Mis Betos de Baruta y Chacao, se enteraron hace dos semanas, que hay una lucha de clases. Ellos dicen que ese es un fenómeno nuevo, que aquí no existía hasta que Chávez, con su discurso incendiario, nos dividió. Es fácil no saber de luchas de clases cuando se es la clase explotadora y opresora. Más que fácil, es conveniente.

Ellos hablan de reconciliación nacional condicionando la misma al cumplimiento de sus exigencias. La reconciliación para ellos implica el desconocimiento de la voluntad popular, el regreso a un pasado grotesco y la desesperanza de las mayorías.

Yo no entiendo tanto egoísmo, o tanta ceguera, para no ser tan dura. No se en qué los afecta negativamente que todos tengamos una vida mejor. Solo se que cuando Beto se quería pasar de vivo con Tere, ella no se cortaba para meterle un mordisco y hacerlo correr, chillando y con el rabo entre las piernas.
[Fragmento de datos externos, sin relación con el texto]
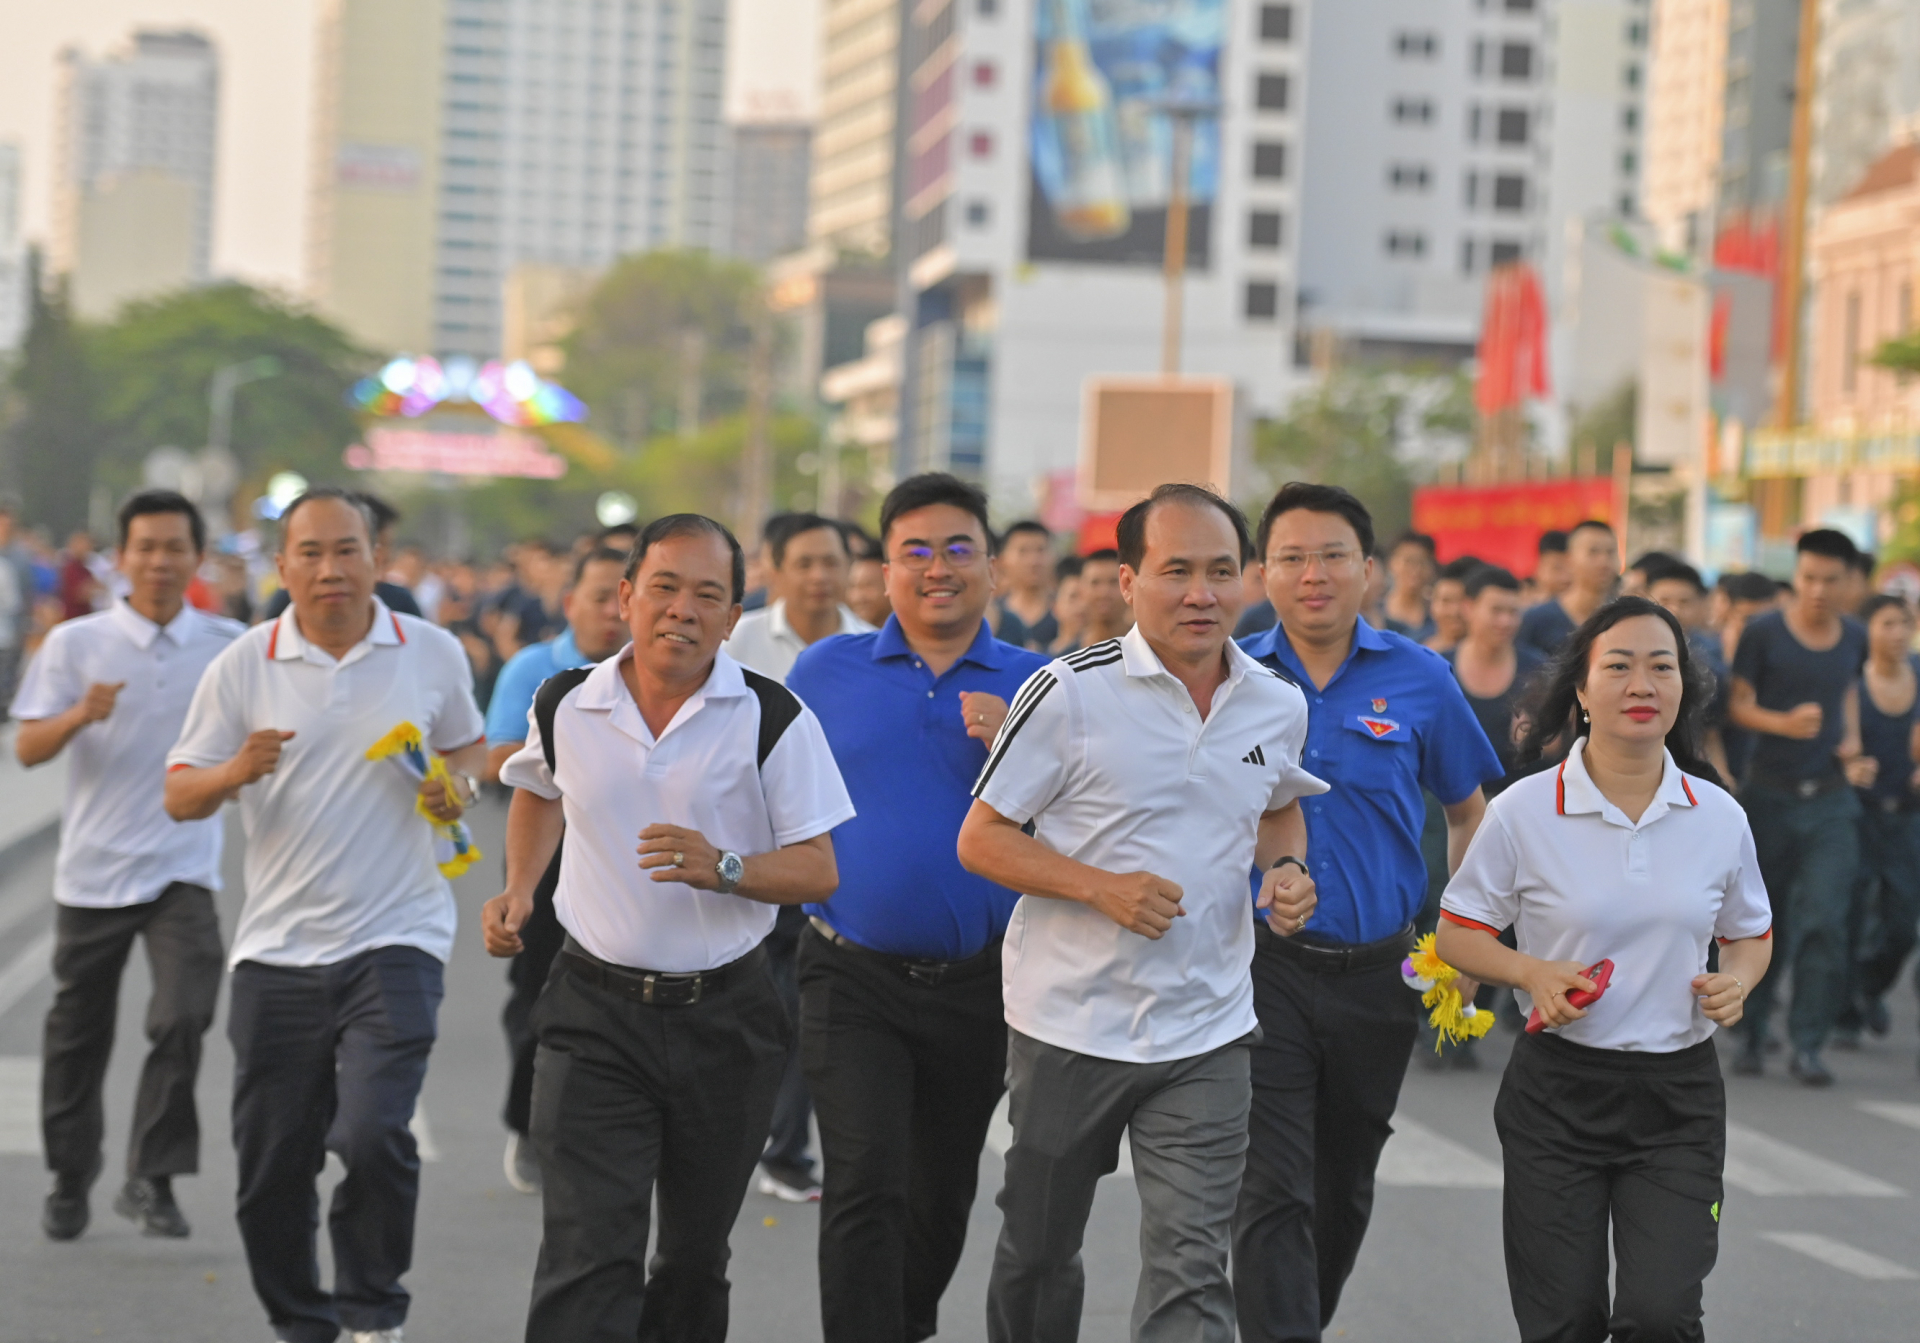 The representatives running

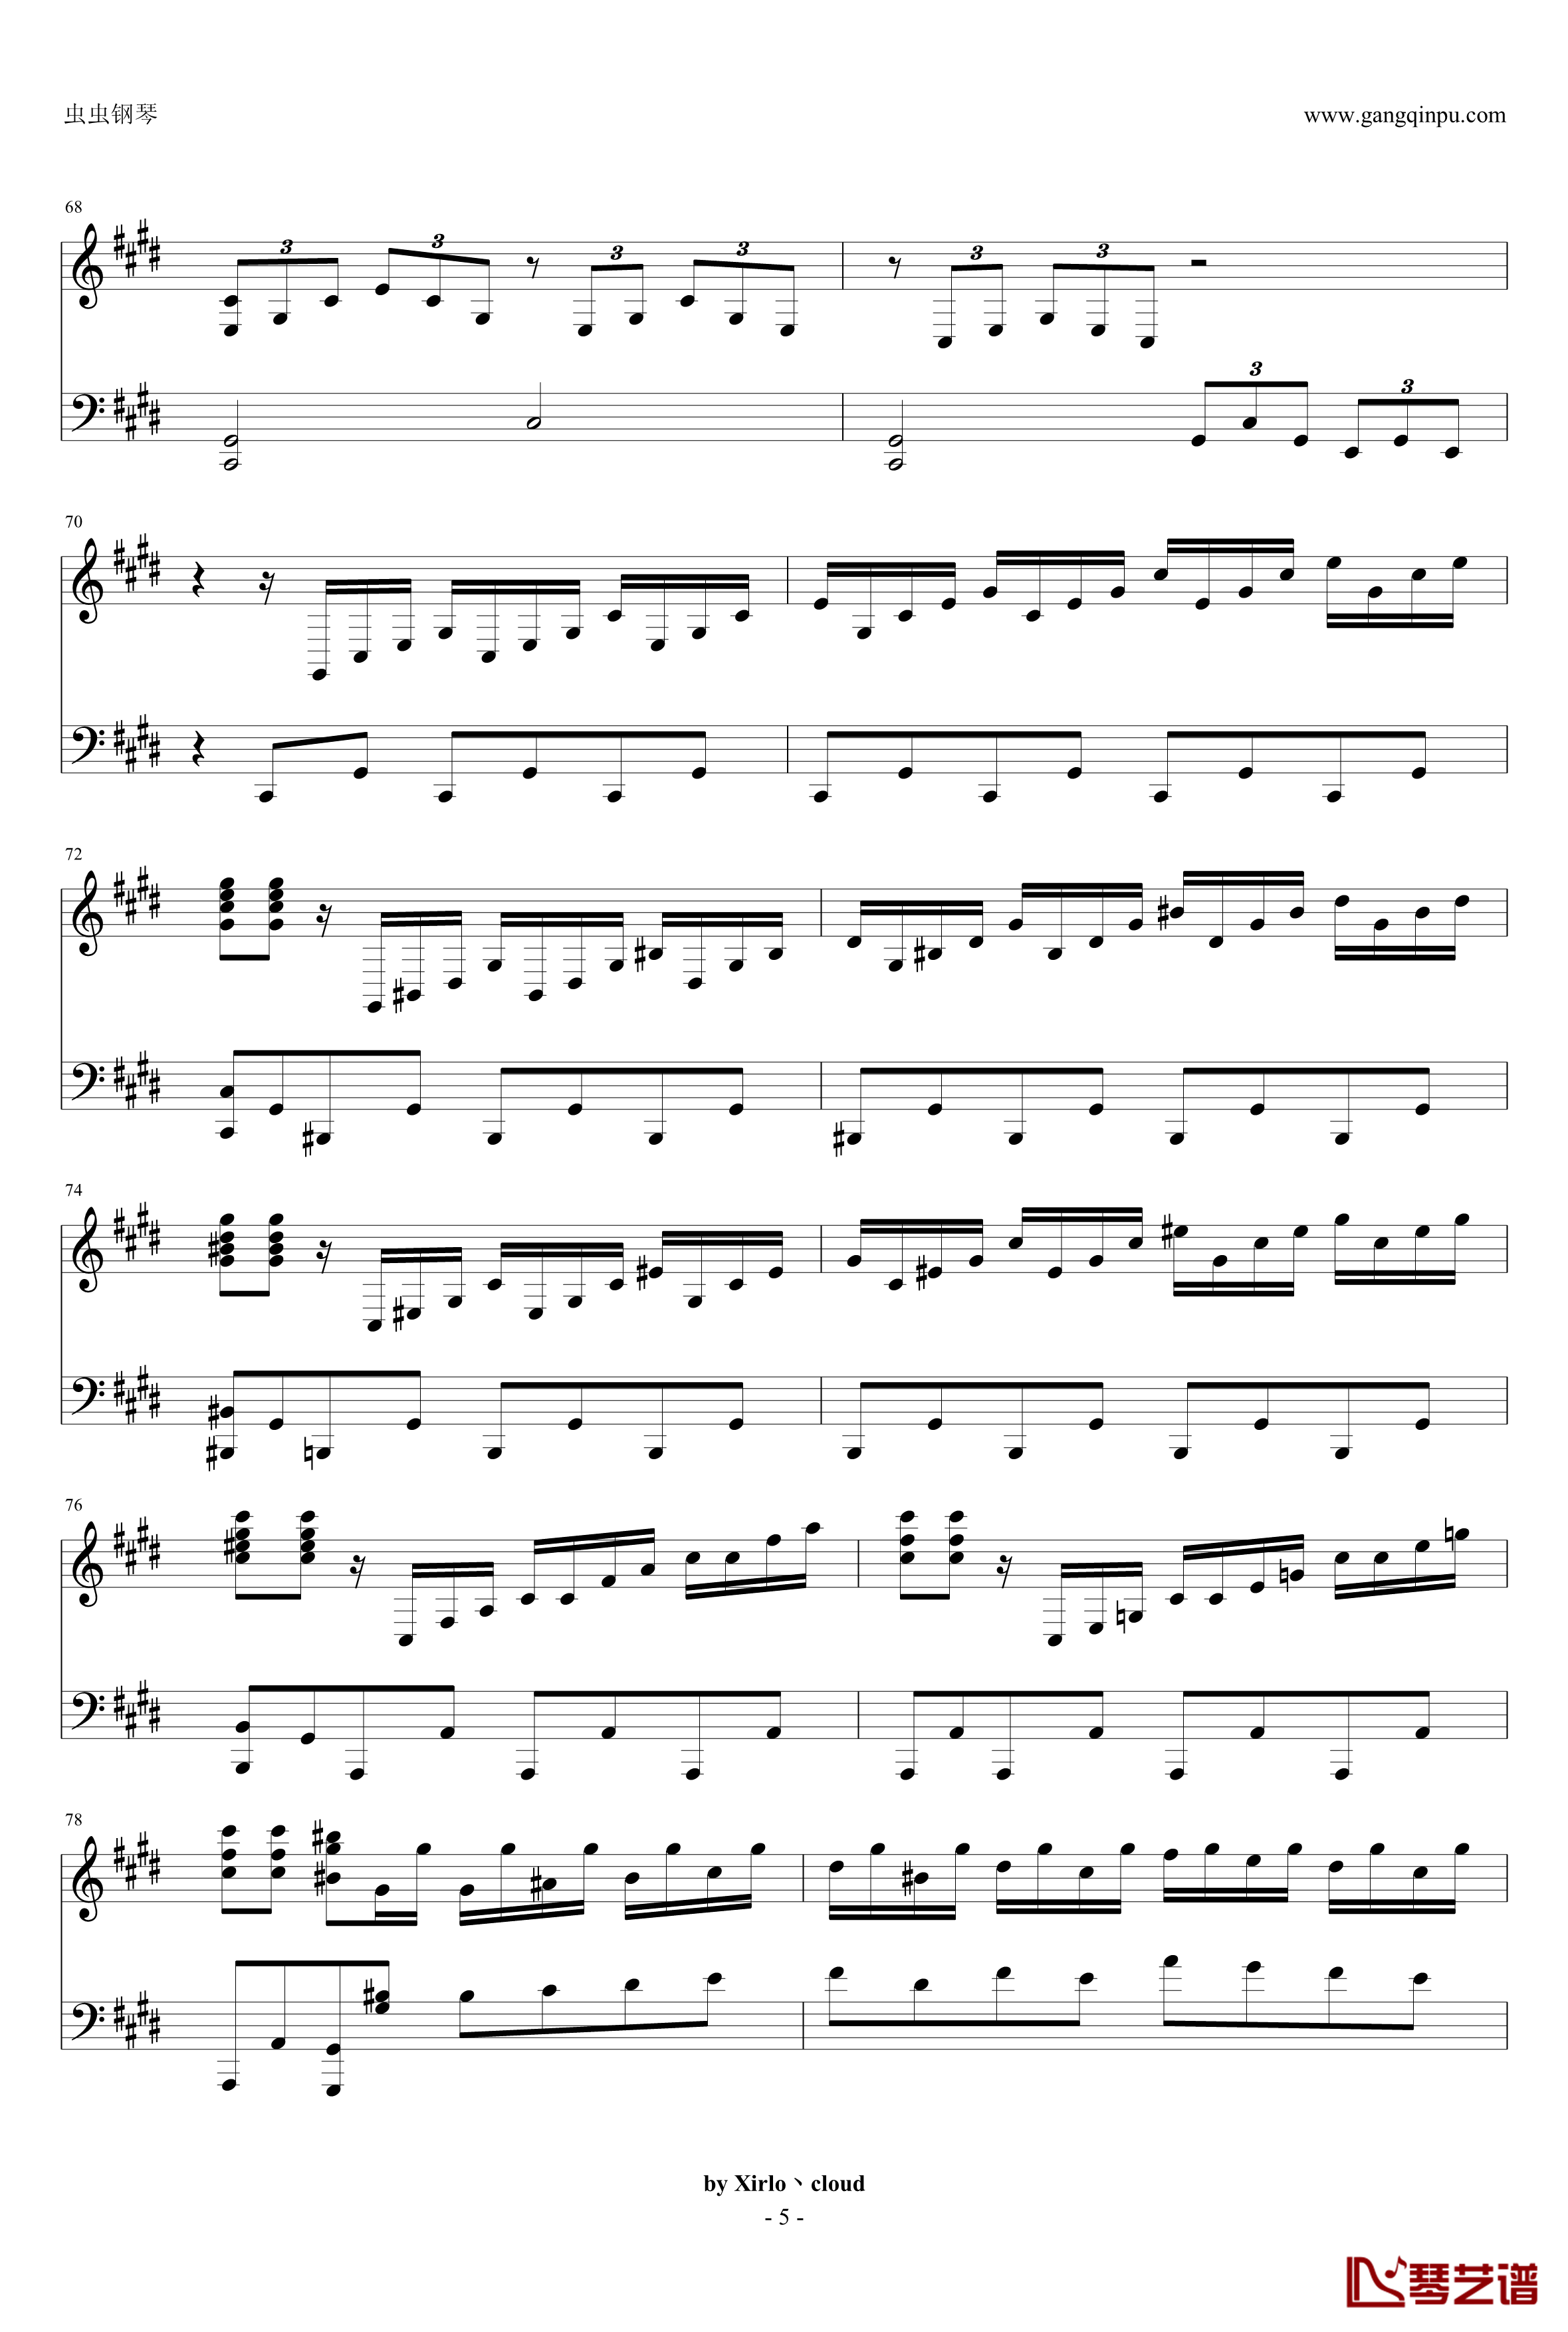 月光奏鸣曲钢琴谱-改编版-贝多芬-beethoven5

Los caraqueños del oeste están descubriendo a que sabe la esperanza, ya han probado el sabor de una vida mas digna, no están peleando por un hueso, están defendiendo el futuro de todos los venezolanos, incluso el de quienes pretenden dejarlos sin futuro. De los del oeste tenemos mucho que aprender, tanto que podríamos sentir mucha vergüenza por haber sido tan ignorantes, tan soberbios y tan ciegos.

¿Monte y culebra? No lo creo, lo que hay mas allá de Chacaito es un país grande donde el café se llama café, la gente se llama gente y la reconciliación significa igualdad.